Mit nur einem funktionierenden Triebwerk erhöhte sich die Komplexität unseres Fluges erheblich. Einen Hubschrauber zu fliegen ist von Natur aus anspruchsvoll, doch mit einem ausgefallenen Triebwerk wird es zur echten Bewährungsprobe.

Nach etwa 30 angespannten Minuten setzten wir zur Landung an – sicher, unversehrt und um eine wertvolle Erfahrung reicher. Solche Momente, so nervenaufreibend sie auch sein mögen, schweißen ein Team zusammen und stärken die Resilienz. Sie zeigen, dass es eine Balance aus Vertrauen und Misstrauen förderlich sein kann und die Stabilität und Handlungsfähigkeit auch in Krisen garantiert.


Vertrauen und Misstrauen sind zwei Seiten derselben Medaille


Diese kurze Geschichte zeigt, wie Vertrauen und Misstrauen in einer konkreten, akuten Krisensituation zusammenwirken, um Stabilität und Sicherheit zu schaffen. Doch diese Mechanismen enden nicht nach der Landung. Auch auf einer langfristigen Ebene, etwa in Organisationen, spielen Vertrauen und Misstrauen eine zentrale Rolle.

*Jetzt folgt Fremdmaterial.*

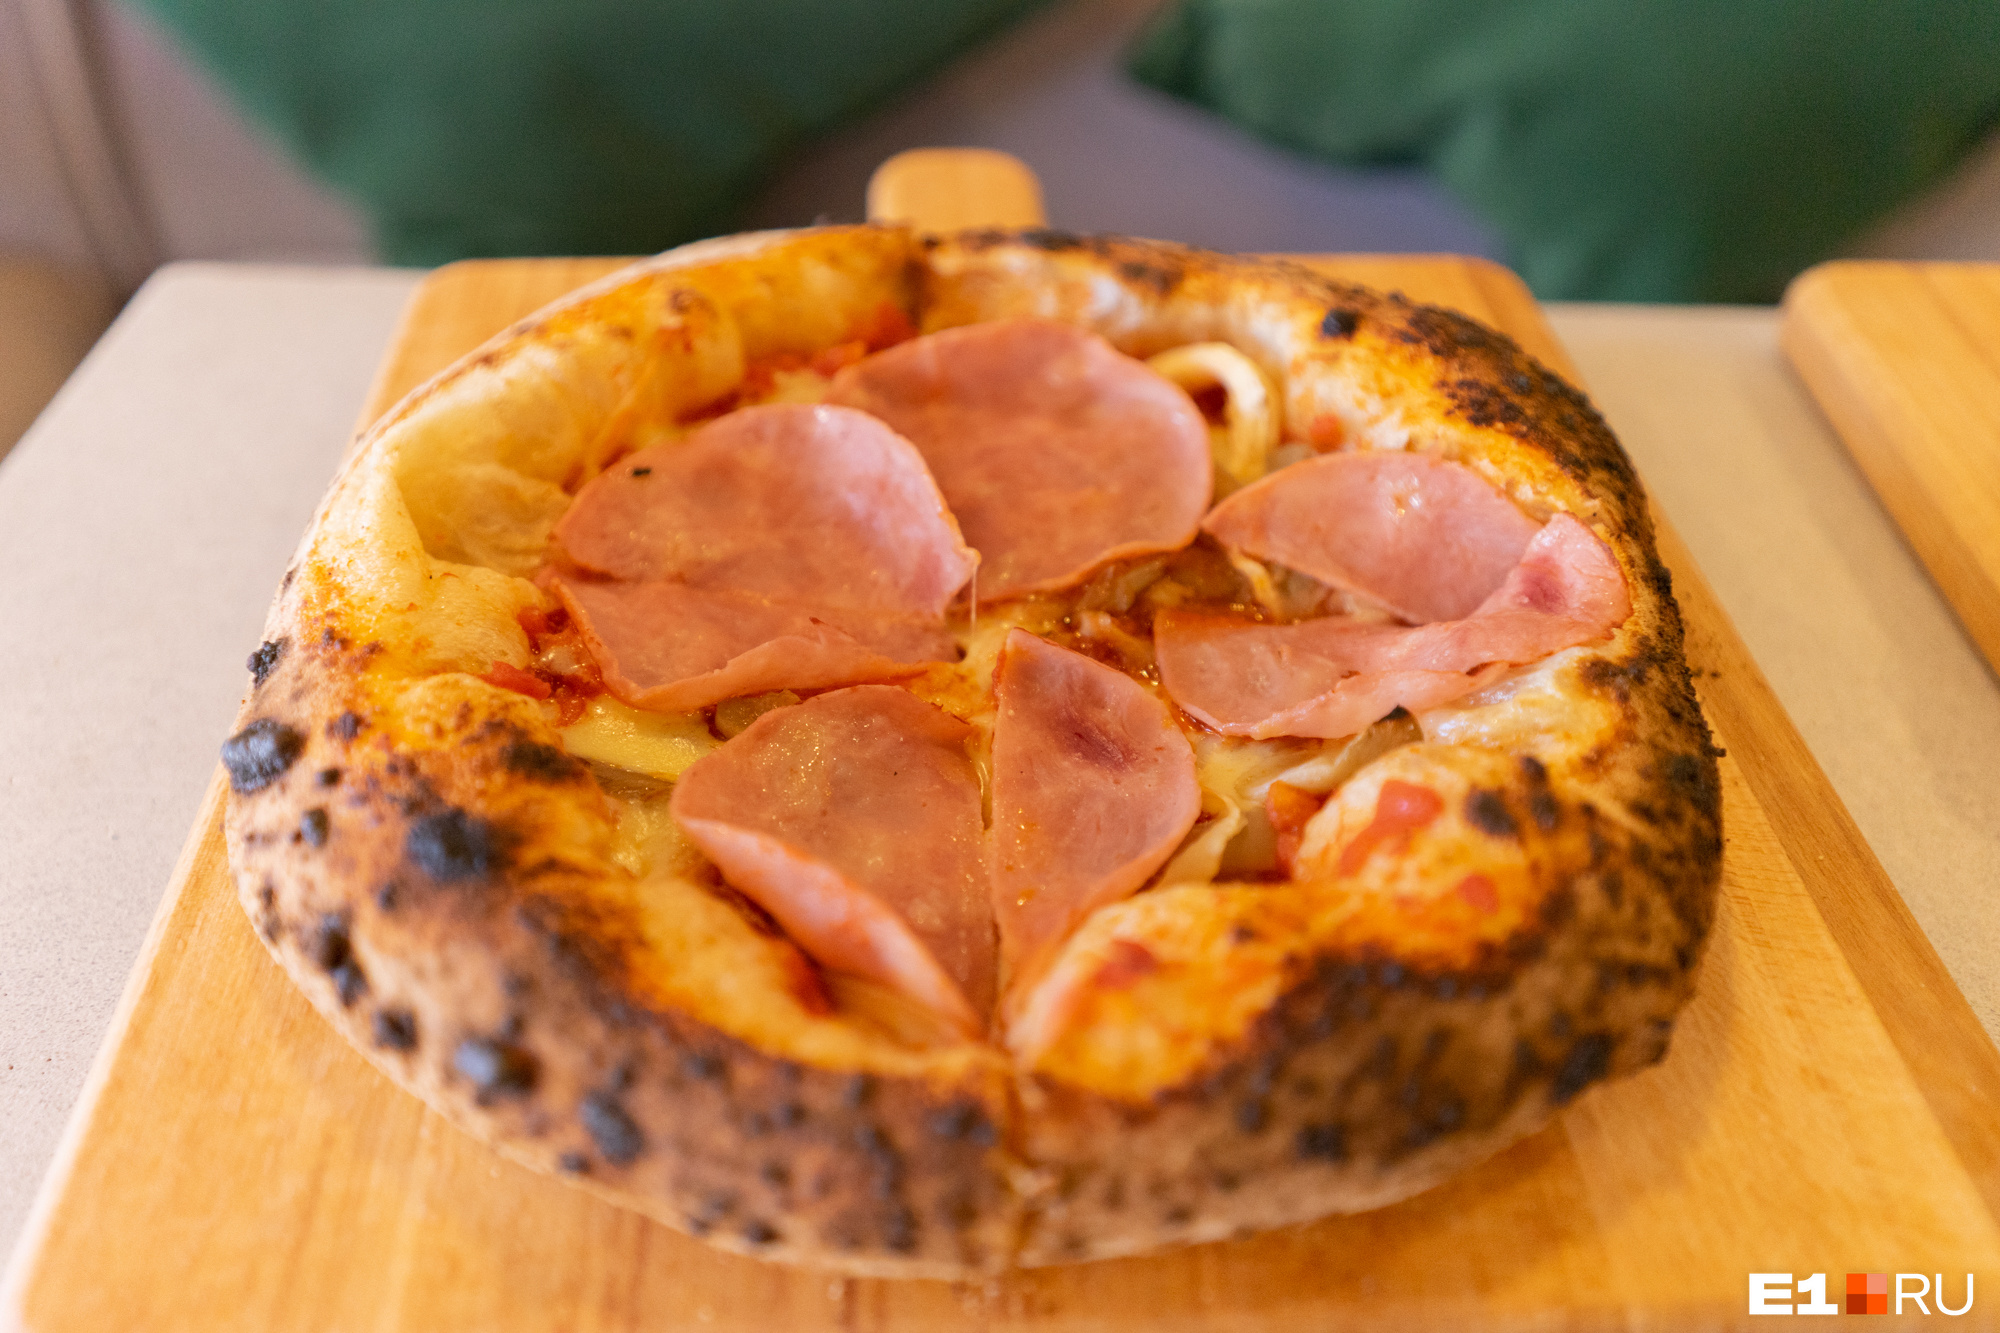 Для четырех классических вкусов пиццы можно выбрать тесто — римское или неаполитанское

Die Grundlage für Handlungsfähigkeit


Vertrauen gibt uns Sicherheit, auch unter Druck Entscheidungen zu treffen. Es stabilisiert Erwartungen und schafft die Grundlage für effektives Handeln:

  • Vertrauen in Prozesse: Die Checkliste war unser Leitfaden. Sie nahm uns die Unsicherheit und erlaubte uns, schnell und gezielt zu handeln. Organisationen schaffen ähnliche Stabilität durch klare Strukturen, bewährte Methoden und transparente Kommunikation.
  • Vertrauen ins Team: Zwischen meinem Co-Piloten und mir bestand ein gegenseitiges Vertrauen. Jeder wusste, dass der andere seine Aufgaben kompetent und zuverlässig erfüllt. Langfristig fördert Vertrauen in Teams die Zusammenarbeit und steigert die Produktivität.
  • Vertrauen in die eigenen Fähigkeiten: Dieses Vertrauen resultiert aus Training und Erfahrung. In Organisationen spiegelt sich dies wider, wenn Mitarbeitende auf ihre Kompetenzen vertrauen und ihre Entscheidungen mutig treffen können.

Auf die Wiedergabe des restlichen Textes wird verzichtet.